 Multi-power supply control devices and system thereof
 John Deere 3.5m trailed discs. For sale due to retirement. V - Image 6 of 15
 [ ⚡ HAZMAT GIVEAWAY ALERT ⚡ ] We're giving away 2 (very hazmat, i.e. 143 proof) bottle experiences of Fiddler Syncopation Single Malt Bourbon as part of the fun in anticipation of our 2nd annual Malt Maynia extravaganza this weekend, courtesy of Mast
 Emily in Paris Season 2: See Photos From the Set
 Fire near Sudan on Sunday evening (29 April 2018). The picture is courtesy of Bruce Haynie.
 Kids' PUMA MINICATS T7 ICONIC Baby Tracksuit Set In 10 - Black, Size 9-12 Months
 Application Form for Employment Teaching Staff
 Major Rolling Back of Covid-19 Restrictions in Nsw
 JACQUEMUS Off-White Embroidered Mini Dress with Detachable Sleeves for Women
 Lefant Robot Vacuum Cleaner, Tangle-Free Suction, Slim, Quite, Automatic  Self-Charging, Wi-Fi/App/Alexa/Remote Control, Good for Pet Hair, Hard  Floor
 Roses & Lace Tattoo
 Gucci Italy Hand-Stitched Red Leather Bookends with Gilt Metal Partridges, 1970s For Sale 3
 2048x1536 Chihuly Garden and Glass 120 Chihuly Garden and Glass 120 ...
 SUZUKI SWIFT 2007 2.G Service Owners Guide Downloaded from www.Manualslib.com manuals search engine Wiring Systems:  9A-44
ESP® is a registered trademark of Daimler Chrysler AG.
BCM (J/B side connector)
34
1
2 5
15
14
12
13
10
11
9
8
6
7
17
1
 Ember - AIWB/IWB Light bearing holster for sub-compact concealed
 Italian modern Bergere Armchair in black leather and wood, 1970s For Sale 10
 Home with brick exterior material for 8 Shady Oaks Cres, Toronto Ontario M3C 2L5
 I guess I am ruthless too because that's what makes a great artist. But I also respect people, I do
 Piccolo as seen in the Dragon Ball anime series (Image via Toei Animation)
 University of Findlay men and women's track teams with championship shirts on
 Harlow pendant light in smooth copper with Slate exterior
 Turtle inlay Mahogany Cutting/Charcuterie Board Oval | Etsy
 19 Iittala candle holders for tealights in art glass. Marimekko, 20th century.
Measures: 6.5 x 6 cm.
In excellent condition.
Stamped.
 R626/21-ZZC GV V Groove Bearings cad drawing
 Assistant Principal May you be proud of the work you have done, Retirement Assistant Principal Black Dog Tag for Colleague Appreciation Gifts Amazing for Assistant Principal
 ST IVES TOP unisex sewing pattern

·····

How many lines of the listing above include the word "exterior"? State the number and nothing else.

● **Solution to this exercise**
2